Heh, I definitely checked the existence of tokenizer.json. It's there. BTW, I'm getting the same error with --dtype float32.

mhillebrand · 2025-03-01T06:28:15Z

I also tried to convert ModernBERT's tokenizer to a fast tokenizer, but I failed. I added -e RUST_BACKTRACE=full, but it wasn't much help

Args { model_id: "/mod**/**nal", revision: None, tokenization_workers: None, dtype: Some(Float32), pooling: None, max_concurrent_requests: 512, max_batch_tokens: 16384, max_batch_requests: None, max_client_batch_size: 32, auto_truncate: false, default_prompt_name: None, default_prompt: None, hf_api_token: None, hostname: "49f60a98aedc", port: 80, uds_path: "/tmp/text-embeddings-inference-server", huggingface_hub_cache: Some("/data"), payload_limit: 2000000, api_key: None, json_output: false, otlp_endpoint: None, otlp_service_name: "text-embeddings-inference.server", cors_allow_origin: None }

thread 'main' panicked at /usr/src/router/src/lib.rs:134:62:
tokenizer.json not found. text-embeddings-inference only supports fast tokenizers: Error("data did not match any variant of untagged enum ModelWrapper", line: 251510, column: 1)
stack backtrace:
   0:     0x58e788d860e9 - <unknown>
   1:     0x58e7889561c3 - <unknown>
   2:     0x58e788d859d2 - <unknown>
   3:     0x58e788d85f43 - <unknown>
   4:     0x58e788d8580b - <unknown>
   5:     0x58e788dc2a68 - <unknown>
   6:     0x58e788dc29c9 - <unknown>
   7:     0x58e788dc2e6c - <unknown>
   8:     0x58e78825616f - <unknown>
   9:     0x58e7882564e5 - <unknown>
  10:     0x58e78865117b - <unknown>
  11:     0x58e78879e627 - <unknown>
  12:     0x58e78879abee - <unknown>
  13:     0x58e7886c6723 - <unknown>
  14:     0x58e78879edc4 - <unknown>
  15:     0x7986f6cecd90 - <unknown>
  16:     0x7986f6cece40 - __libc_start_main
  17:     0x58e7885e1855 - <unknown>
  18:                0x0 - <unknown>

kozistr · 2025-03-01T06:32:44Z

I also tried to convert ModernBERT's tokenizer to a fast tokenizer, but I failed.

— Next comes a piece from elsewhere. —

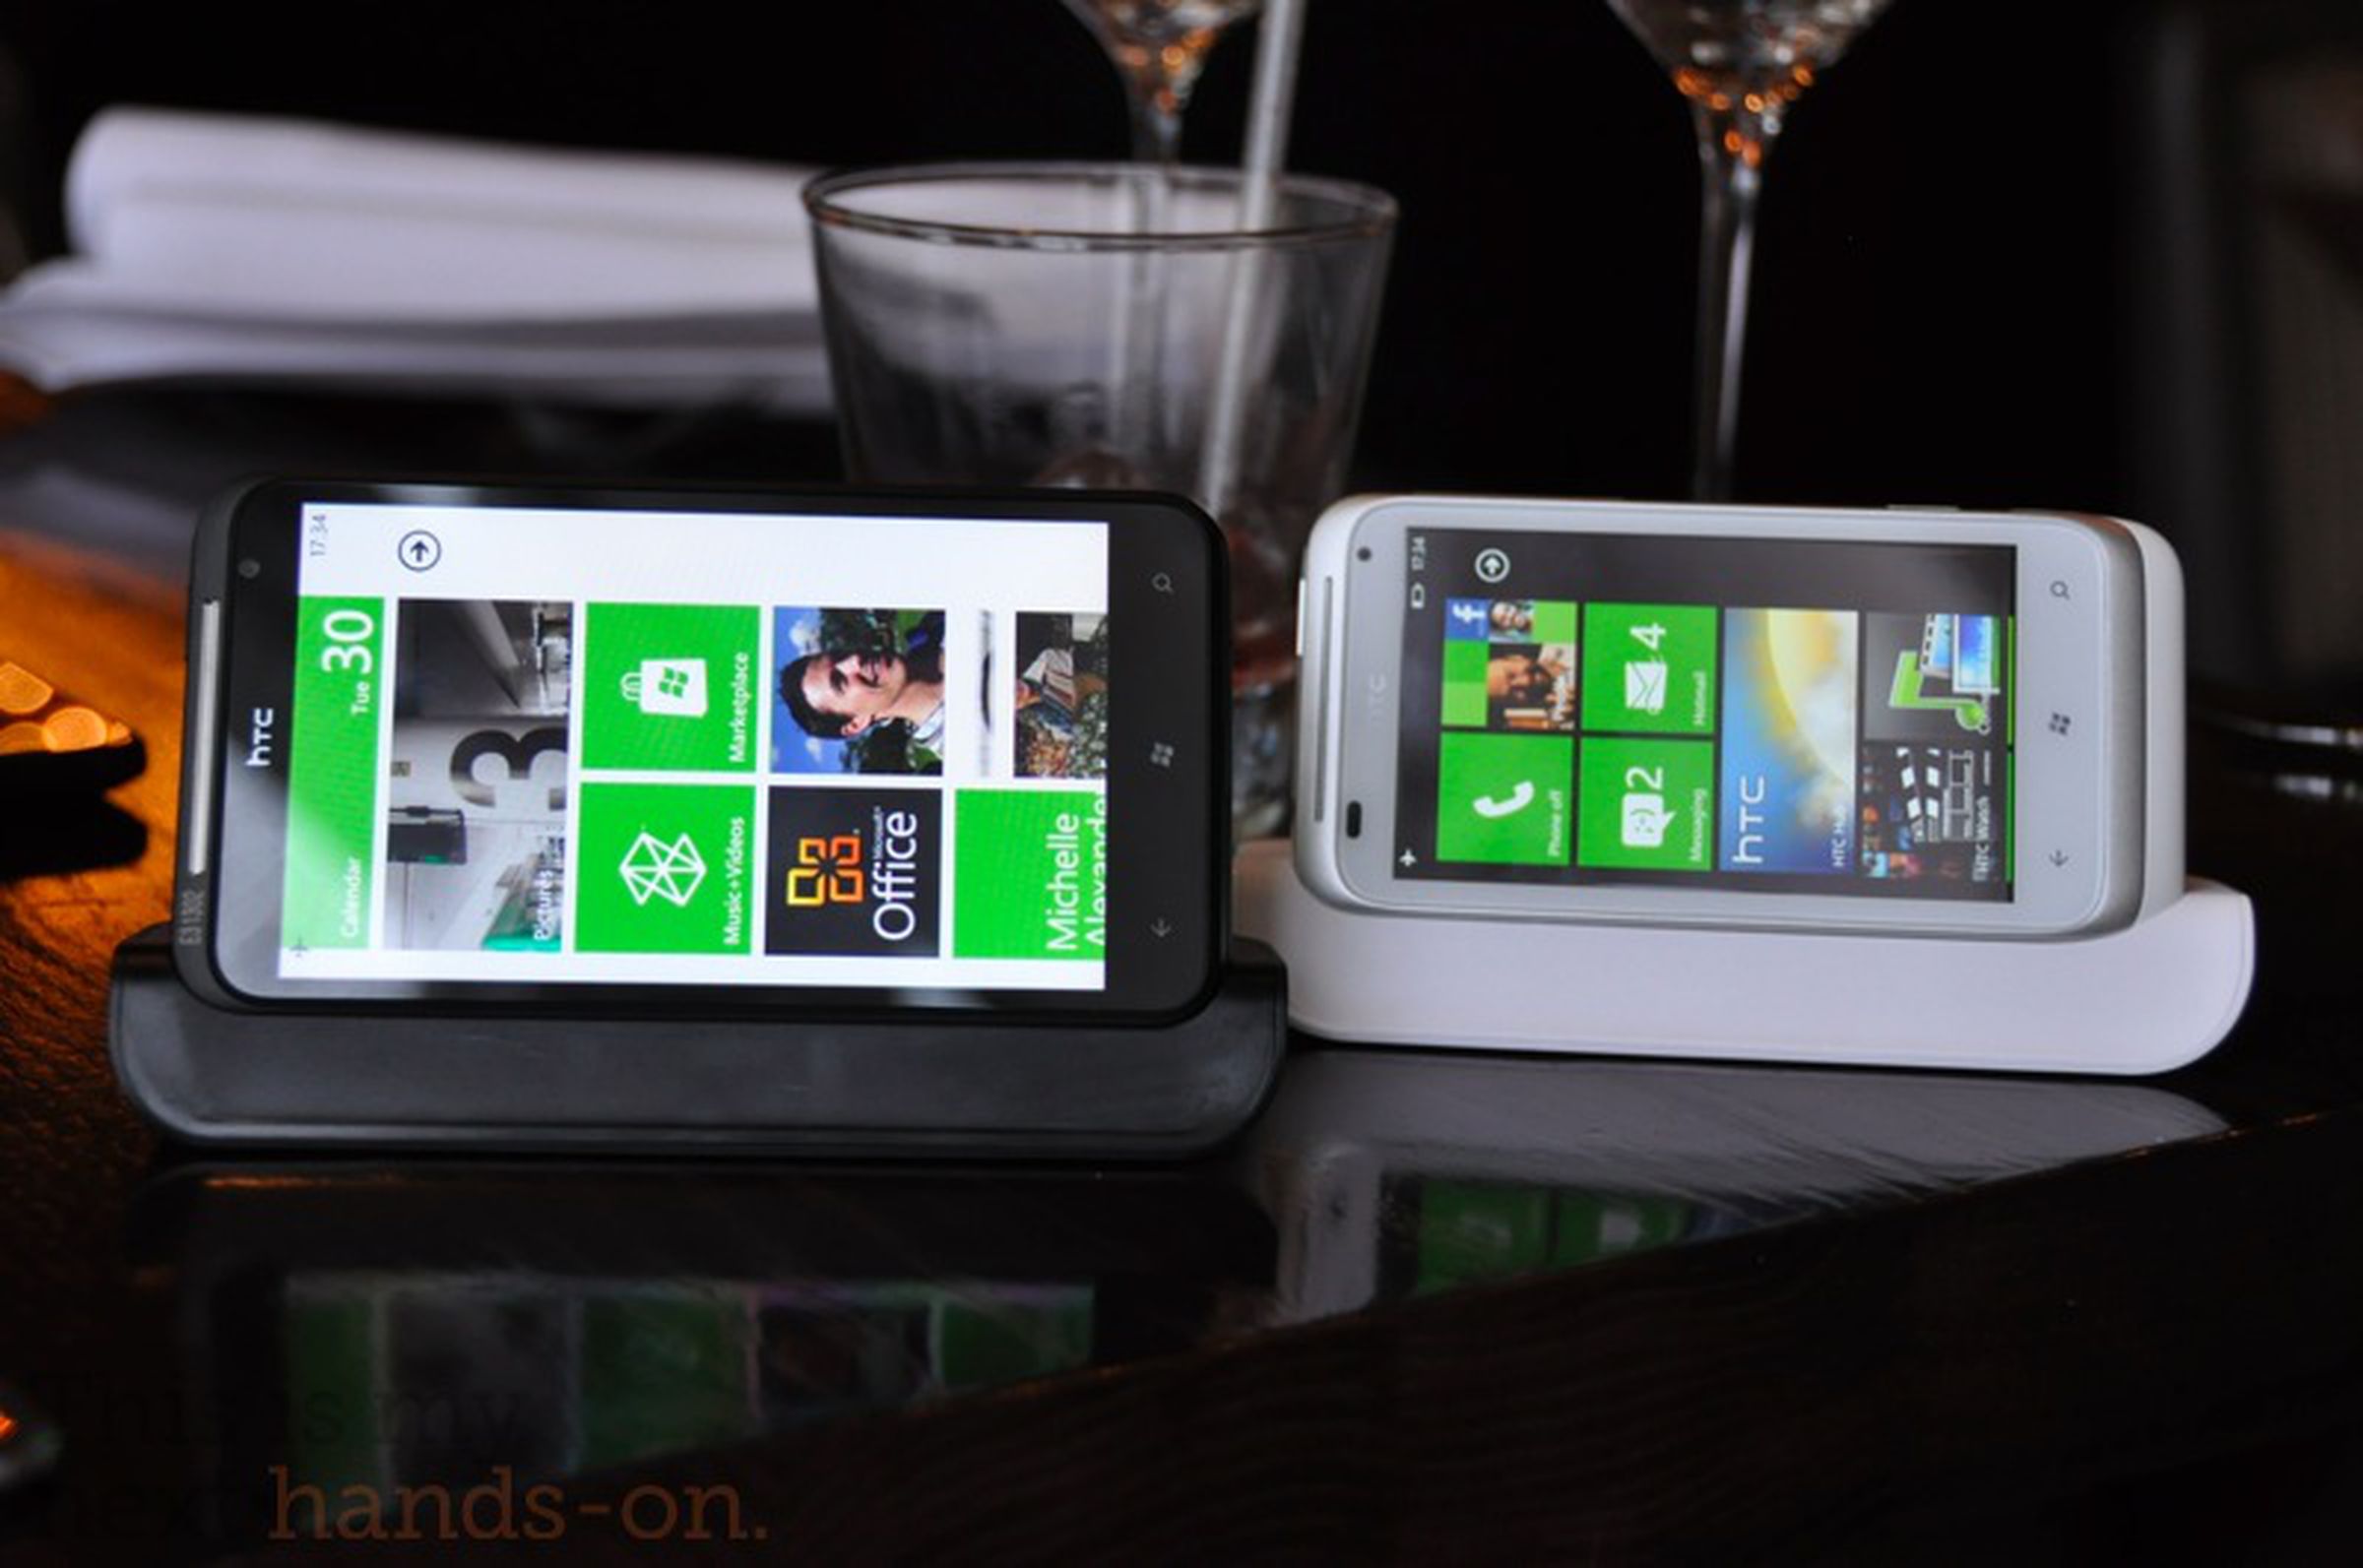 HTC Titan hands-on photos

could you please double check the directory inside the docker to check the files are correctly located? looks like you mounted your local path (/opt/markdown/model) to /model and loaded the model from /model/final.

mhillebrand · 2025-03-01T06:35:27Z

final is a symbolic link to the directory in the screenshot above.

(infer) /opt/markdown/model$ l
total 8.0K
drwxrwxr-x 7 matt matt 4.0K Feb 28 14:23 ModernBERT-base
lrwxrwxrwx 1 matt matt   31 Feb 28 09:55 final -> ModernBERT-base/checkpoint-2100
drwxrwxr-x 3 matt matt 4.0K Feb 28 09:55 qwen
(infer) /opt/markdown/model$ ll final/*
-rw-rw-r-- 1 matt matt 1.5K Feb 28 22:23 final/config.json
-rw-rw-r-- 1 matt matt 286M Feb 28 09:32 final/model.safetensors
-rw-rw-r-- 1 matt matt 571M Feb 28 09:32 final/optimizer.pt
-rw-rw-r-- 1 matt matt  14K Feb 28 09:32 final/rng_state.pth
-rw-rw-r-- 1 matt matt 1.1K Feb 28 09:32 final/scheduler.pt
-rw-rw-r-- 1 matt matt  694 Feb 28 09:32 final/special_tokens_map.json
-rw-rw-r-- 1 matt matt 3.5M Feb 28 14:22 final/tokenizer.json
-rw-rw-r-- 1 matt matt  21K Feb 28 14:22 final/tokenizer_config.json
-rw-rw-r-- 1 matt matt 3.5K Feb 28 09:32 final/trainer_state.json
-rw-rw-r-- 1 matt matt 5.3K Feb 28 09:32 final/training_args.bin

kozistr · 2025-03-01T06:49:42Z

final is a symbolic link to the directory in the screenshot above.

(infer) /opt/markdown/model$ l
total 8.0K
drwxrwxr-x 7 matt matt 4.0K Feb 28 14:23 ModernBERT-base
lrwxrwxrwx 1 matt matt 31 Feb 28 09:55 final -> ModernBERT-base/checkpoint-2100
drwxrwxr-x 3 matt matt 4.0K Feb 28 09:55 qwen
(infer) /opt/markdown/model$ ll final/*
-rw-rw-r-- 1 matt matt 1.5K Feb 28 22:23 final/config.json
-rw-rw-r-- 1 matt matt 286M Feb 28 09:32 final/model.safetensors
-rw-rw-r-- 1 matt matt 571M Feb 28 09:32 final/optimizer.pt
-rw-rw-r-- 1 matt matt 14K Feb 28 09:32 final/rng_state.pth
-rw-rw-r-- 1 matt matt 1.1K Feb 28 09:32 final/scheduler.pt
-rw-rw-r-- 1 matt matt 694 Feb 28 09:32 final/special_tokens_map.json
-rw-rw-r-- 1 matt matt 3.5M Feb 28 14:22 final/tokenizer.json
-rw-rw-r-- 1 matt matt 21K Feb 28 14:22 final/tokenizer_config.json
-rw-rw-r-- 1 matt matt 3.5K Feb 28 09:32 final/trainer_state.json
-rw-rw-r-- 1 matt matt 5.3K Feb 28 09:32 final/training_args.bin

well, as far as I know, when mounting a local path to a Docker container, symbolic links within the mounted directory are not automatically resolved or followed. So, it'd be great to check the mounted directory inside the container.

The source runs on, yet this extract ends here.